§ Task brief: Repeat the listing that follows character for character, omitting images.

§ Data extract:
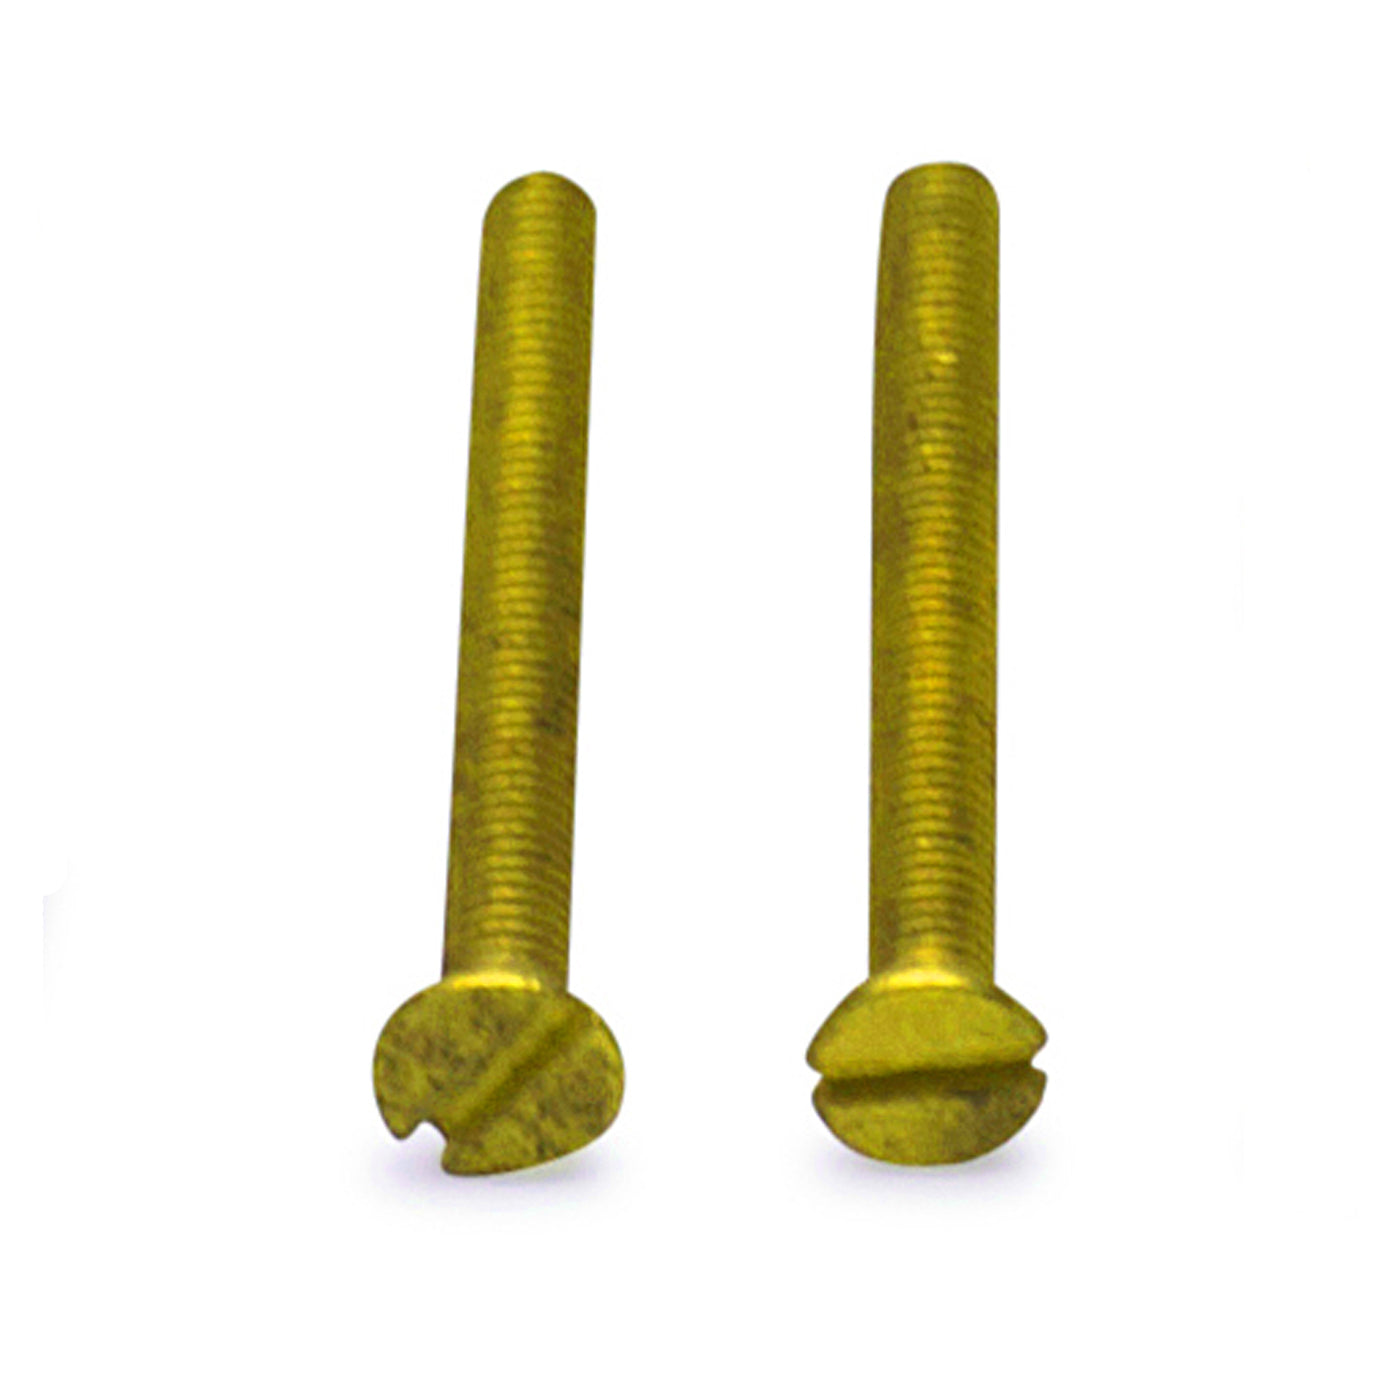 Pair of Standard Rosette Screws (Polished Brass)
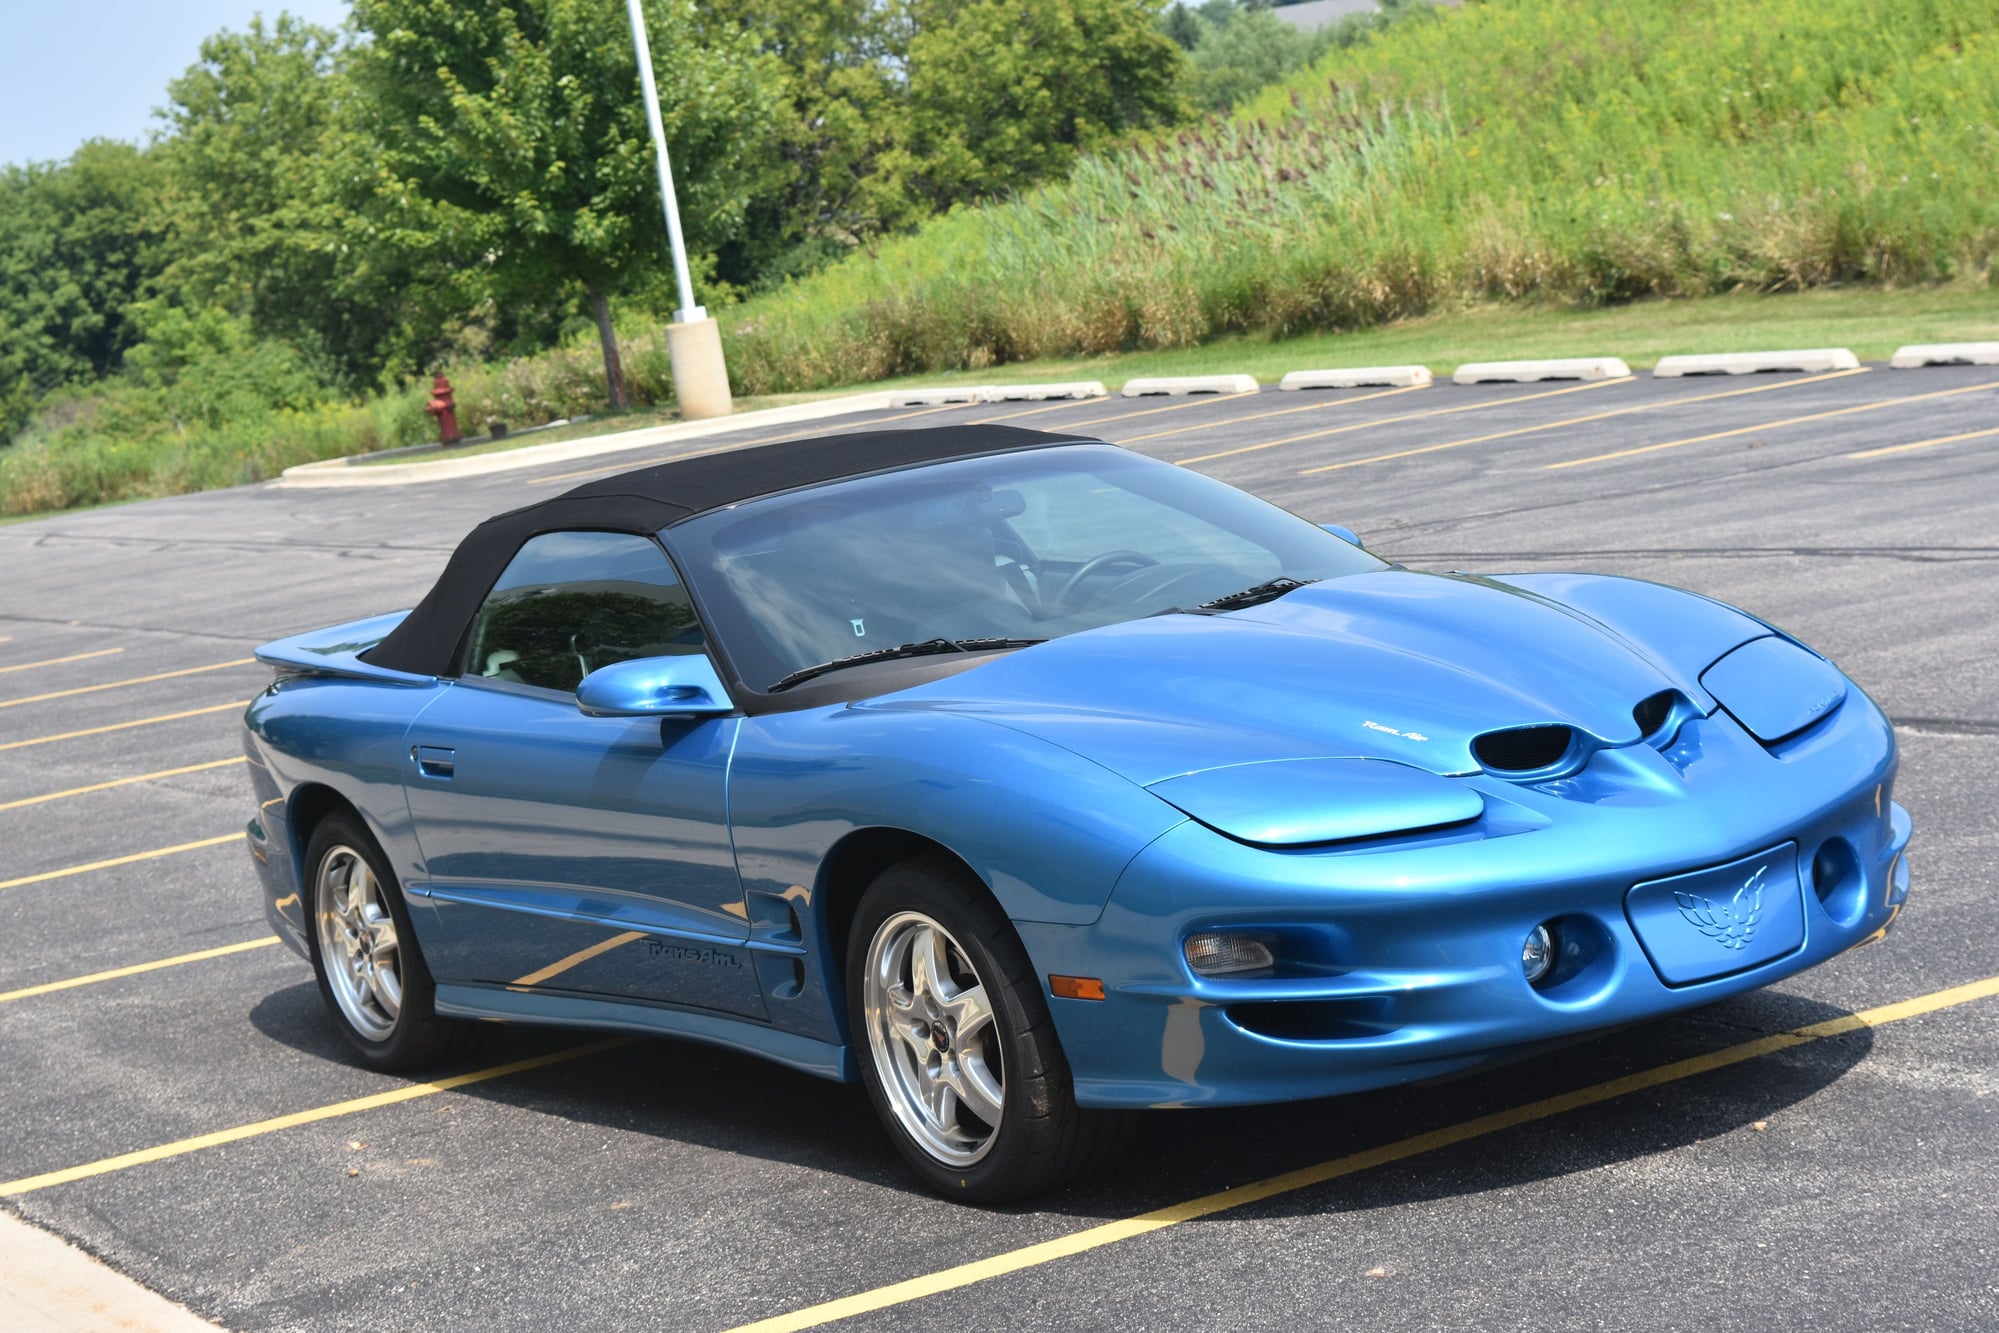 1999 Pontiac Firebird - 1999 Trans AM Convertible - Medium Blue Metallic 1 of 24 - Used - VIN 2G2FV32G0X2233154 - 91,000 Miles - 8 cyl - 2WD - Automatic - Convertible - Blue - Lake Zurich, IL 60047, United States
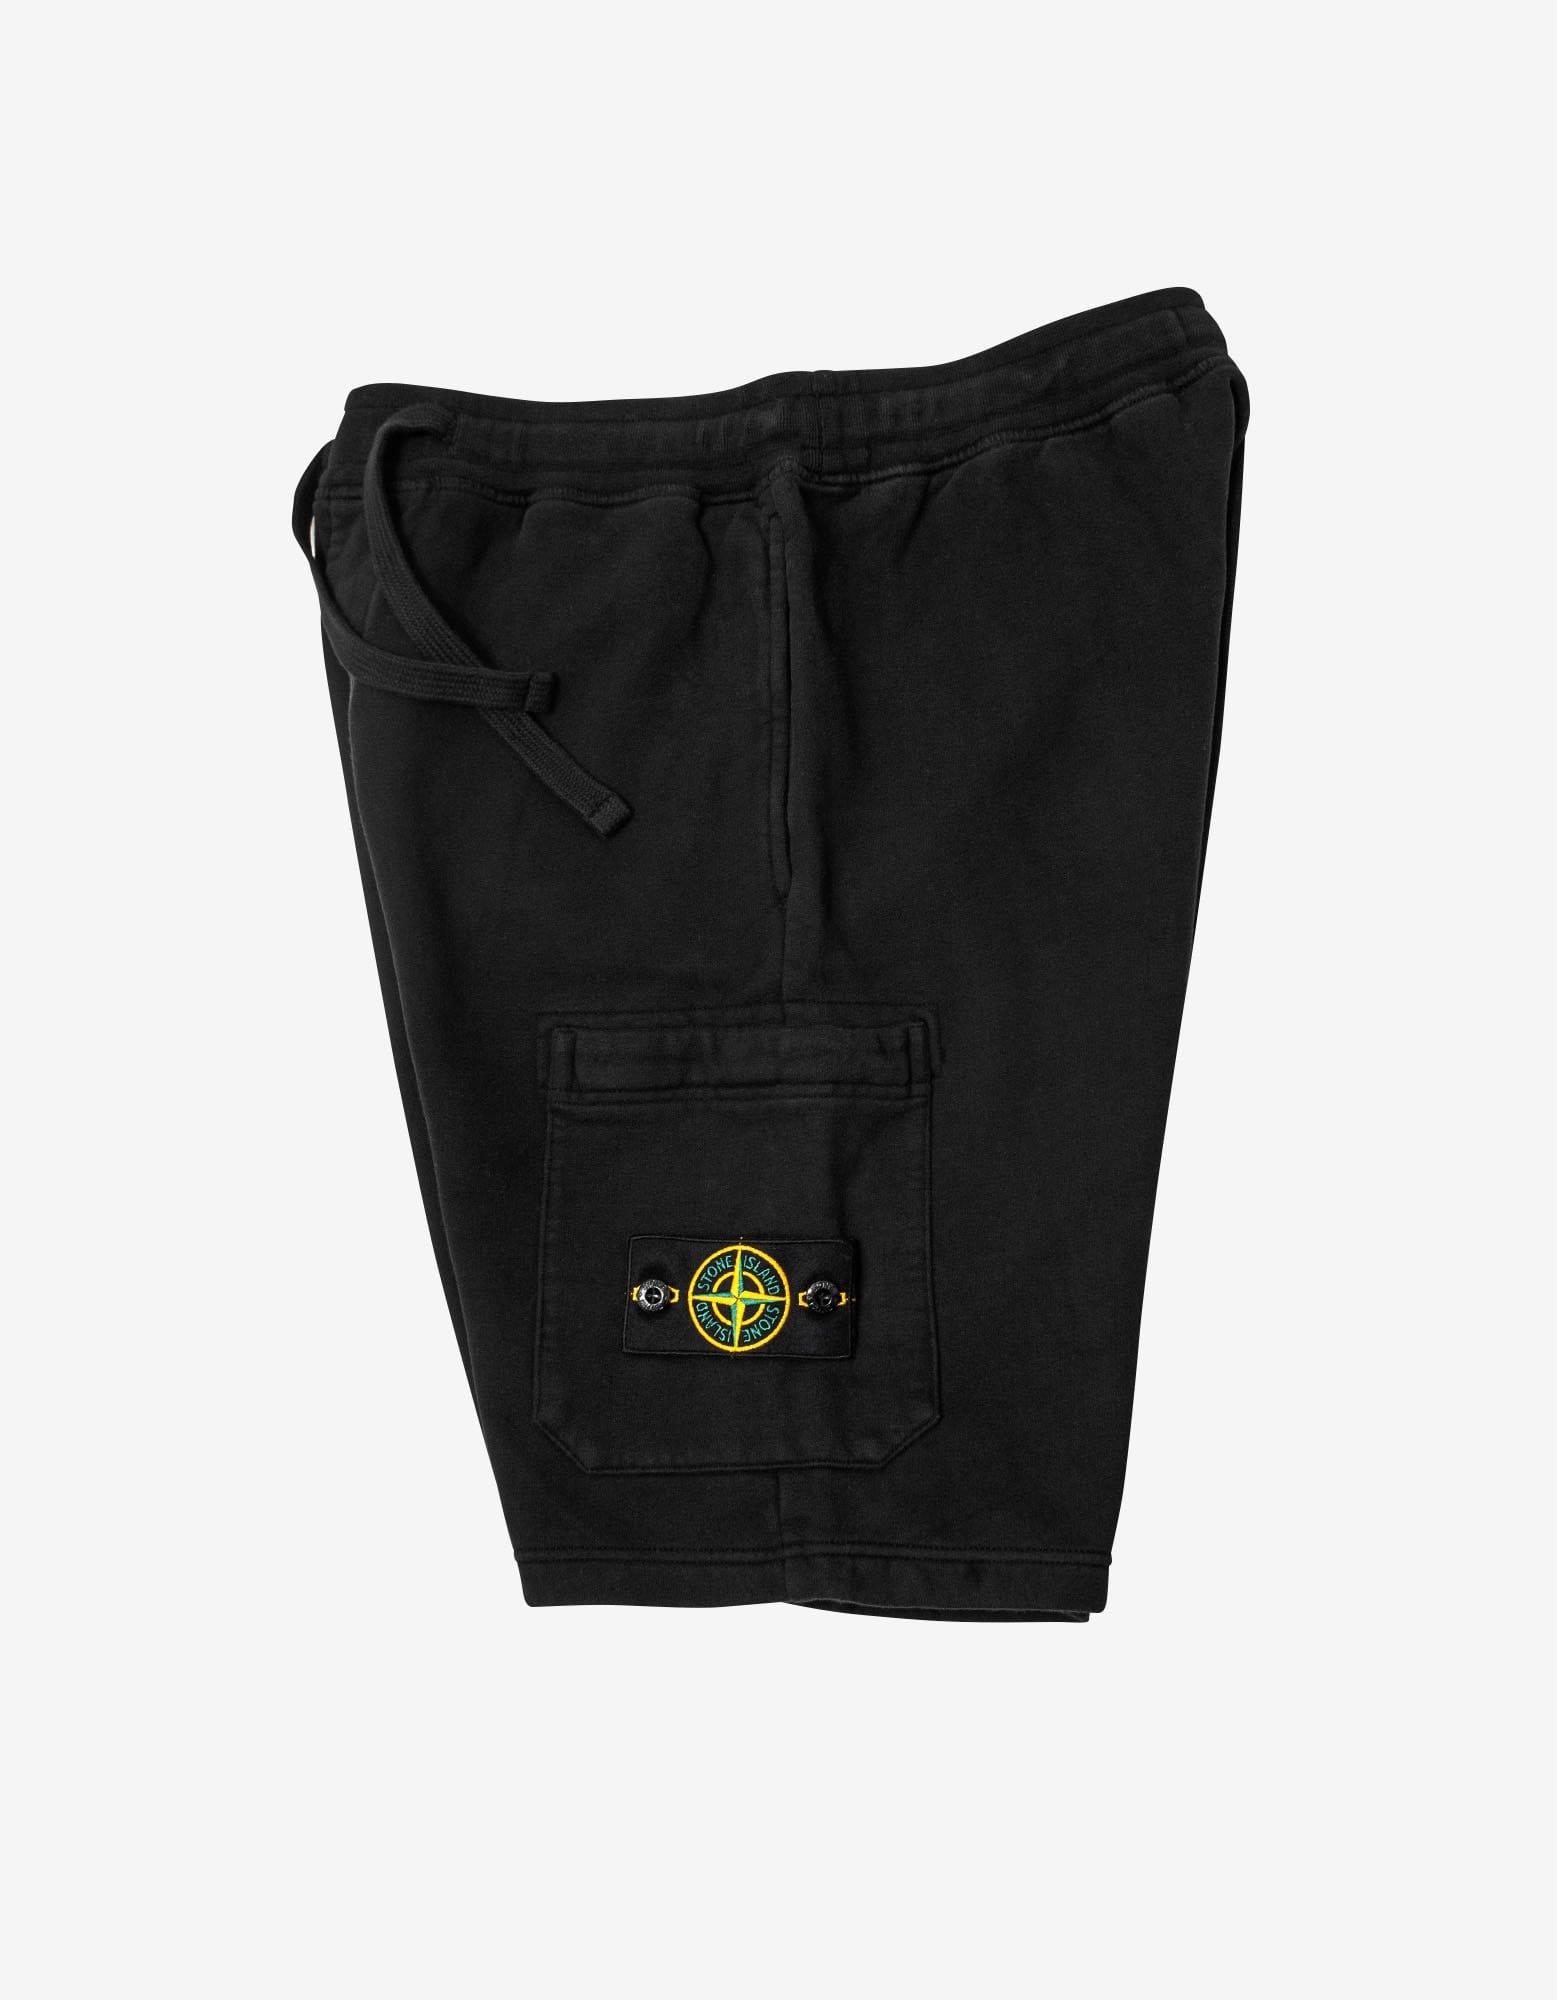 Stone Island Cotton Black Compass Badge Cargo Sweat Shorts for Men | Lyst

§ Completed task:
 Pair of Standard Rosette Screws (Polished Brass)
 1999 Pontiac Firebird - 1999 Trans AM Convertible - Medium Blue Metallic 1 of 24 - Used - VIN 2G2FV32G0X2233154 - 91,000 Miles - 8 cyl - 2WD - Automatic - Convertible - Blue - Lake Zurich, IL 60047, United States
 Stone Island Cotton Black Compass Badge Cargo Sweat Shorts for Men | Lyst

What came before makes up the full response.